L'écriture mue selon l'intention. Louée ou abhorrée celle de Chamoiseau s'est longtemps posée comme sa marque originale. On s'est concentré sur le lexique, les créolismes qu'il emploie, et malheureusement moins sur la syntaxe qu'il malaxe ou bouscule à tout va, les idées et les sens en maëlstrom. Depuis Chronique, il est manifeste qu'il tente - oui, il tente - de s'allier à la dérespectation pratiquée par les conteurs créoles. Nous sommes loin des prétentions du style et ses apparats de tiers-mondains. L'écriture de Chamoiseau est un contre-style, entr'oral et écrit. Elle est faite de mouvements, de variations, de déséquilibres, de manquements, de failles.
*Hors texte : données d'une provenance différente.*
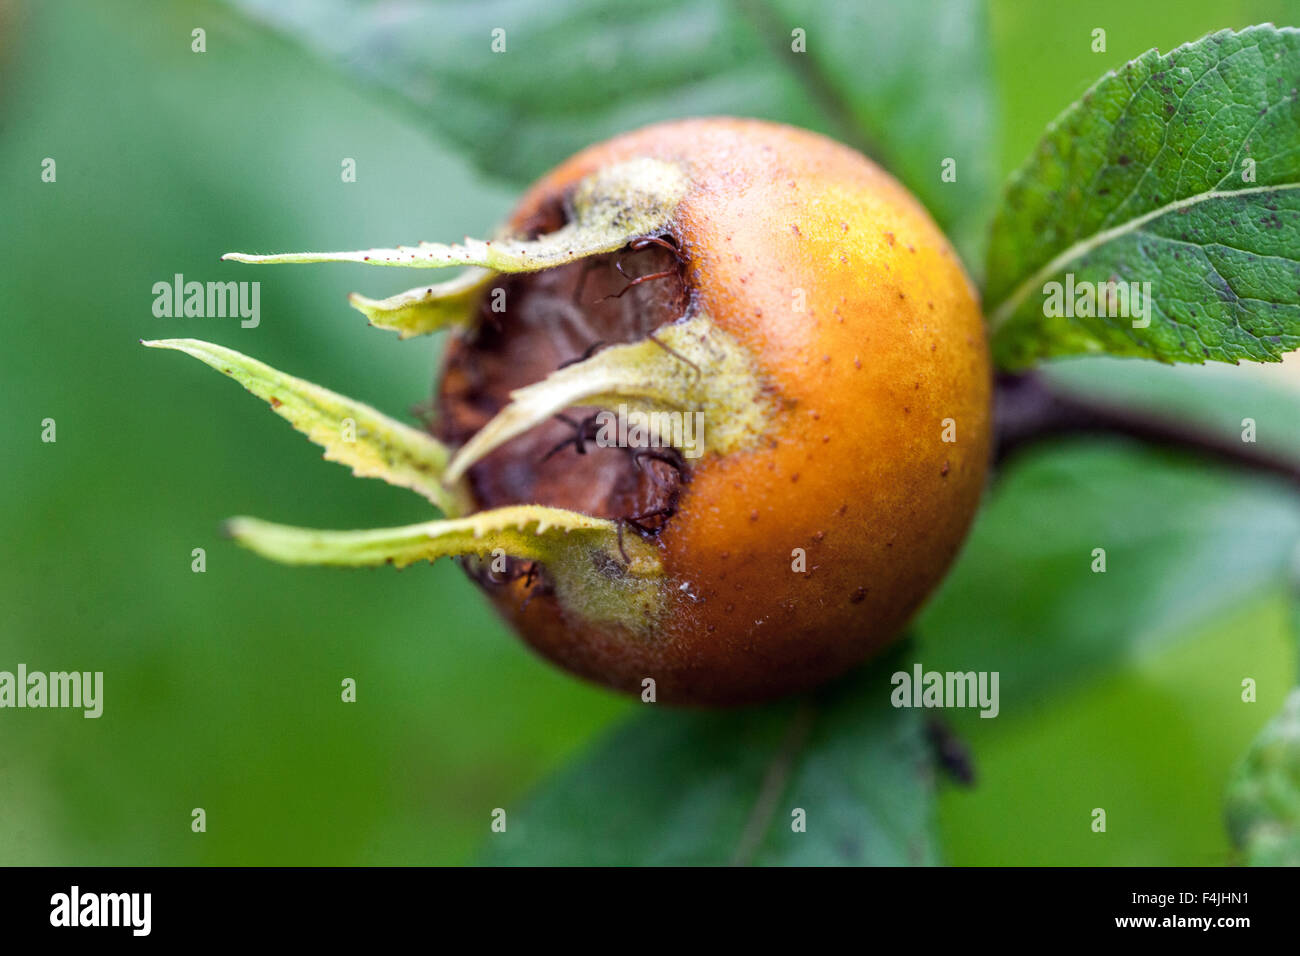 Mespilus germanica fruit, medlar or common medlar Stock Photo
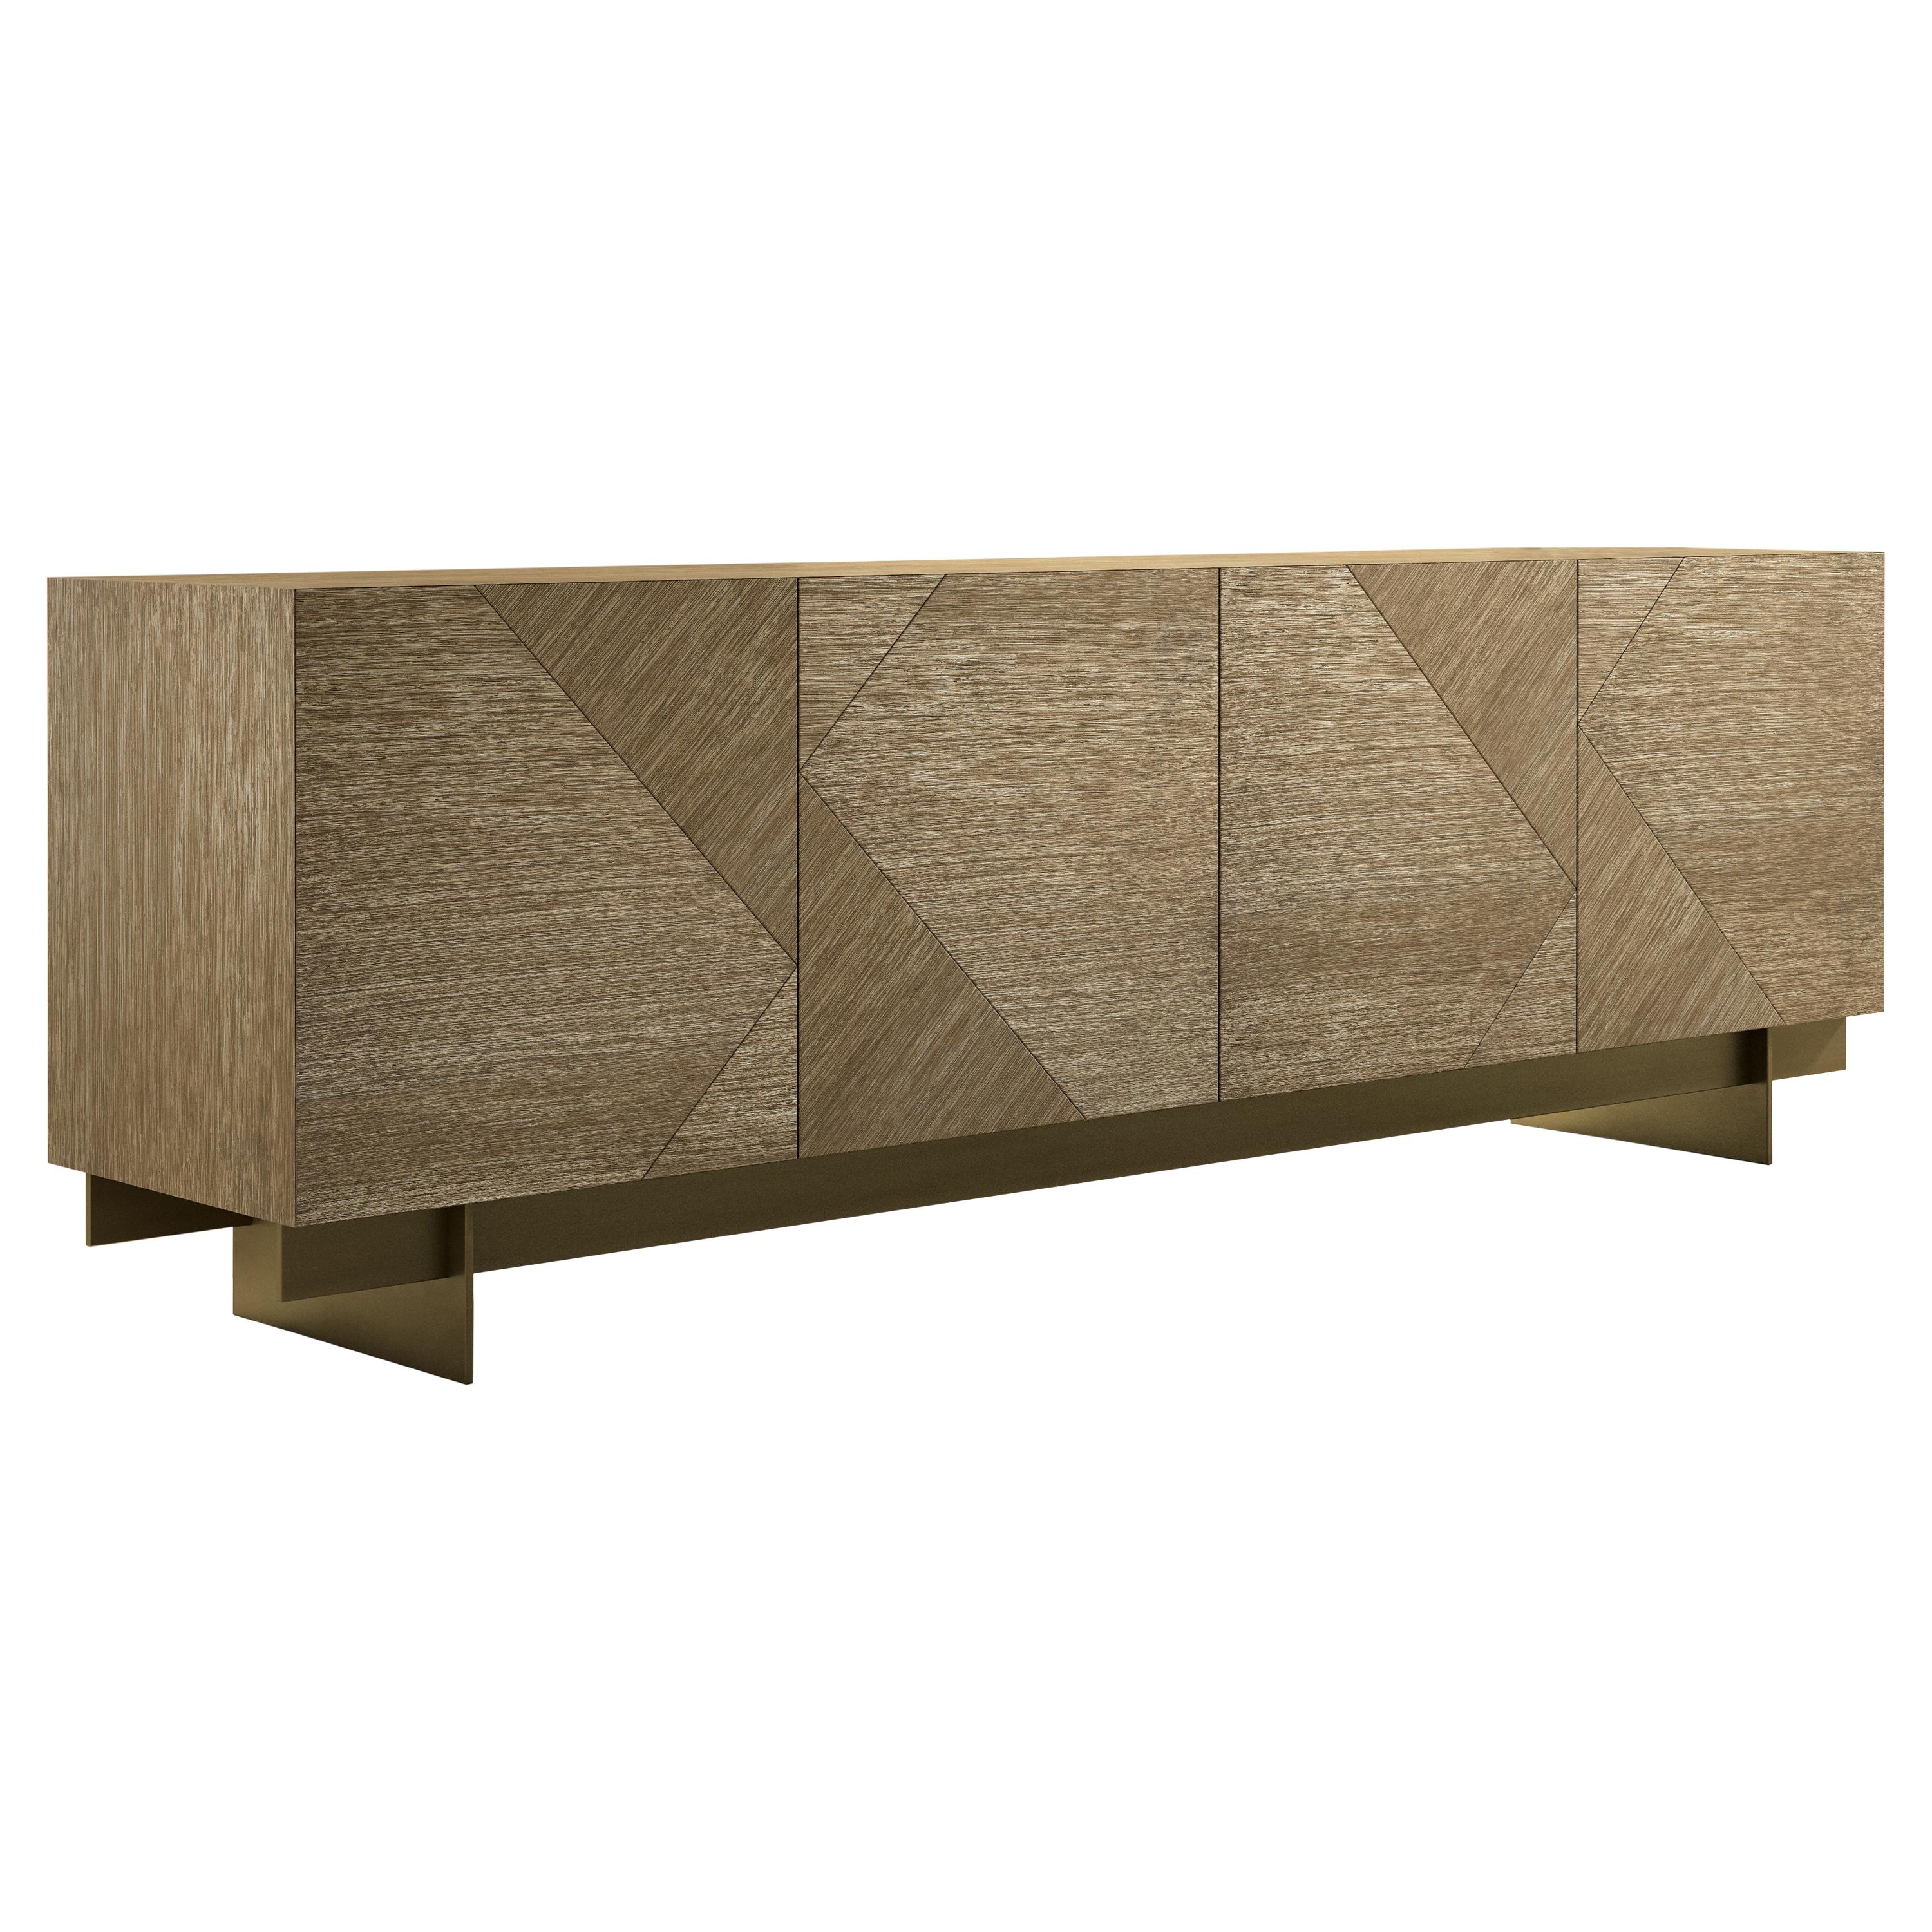 Laurameroni „Tatami“ Modernes Sideboard aus Holz mit Tatami-Dekorationen

Ni polie ni policée, à l'opposé des livres léchés et suffisants faisant système.

Parole archipélique, L'esclave vieil homme et le molosse illustre la nouvelle théorie poétique de CHAMOISEAU. La question de l'esclavage y est inscrite dans la symbolique d'un univers bachelardien de cadences: matières-vivant-eau-lunaire-solaire-la pierre - les os. Une histoire d'esclavage en offrande cathartique car "les histoires d'esclavage ne nous passionnent guère. Peu de littérature se tient à ce propos". L'histoire d'un vieux nègre et d'un chien féroce - non pas seulement le combat, mais les affres de ces deux figures qui ont connus, tels mangoustes et serpents, la Traversée. On ne peut pas mettre ça en lecture automatique. Assez dire. Ne rien résumer. Ne pas s'égarer dans l'essence de l'essentiel. Car, à la question fondamentale sans fond, "le monde a t-il une intention?", posée à la fin de Ecrire en pays dominé et en exergue de L'esclave vieil homme et le molosse il ne sera bien sur pas répondu ô doyen, ô vieux guerrier universitaire.

Lisez CHAMOISEAU! Surtout, ne vous enfermez pas dans une lecture silencieuse. Lisez le à voix haute! N'allez pas conclure devant tant de merveilles, le bec "coué" par ces histoires, que vous n'êtes qu'un obsédé textuel. Les lecteurs sont aussi essentiels aux écrivains que les répondeurs aux conteurs créoles. BORGES pensait parfois que les bons lecteurs étaient des oiseaux rares, encore plus singuliers que les bons auteurs. De CHAMOISEAU: fortifie ta vision intérieure et déploie l'imaginaire à toute.

Manuel NORVAT
SYNTAXE HISTORIQUE CR


Notes

1 Chamoiseau est d'abord lauréat du Prix Carbet de la Caraïbe. Si Julien Gracq a refusé le Goncourt, Romain Gary, par la grâce de son pseudonyme, le reçoit deux fois. Jean-Paul Sartre a refusé le Prix Nobel de littérature. Peut-on accéder à ces minauderies et à la mort du sujet quand on a été hors-sujet, mis hors humanité? Par ailleurs, Chamoiseau est le second Martiniquais à le recevoir; le premier était René Maran pour Batouala.
2En 1845 a été créée la Société Protectrice des Animaux dont l'un des membres n'est autre que Victor Schoelcher.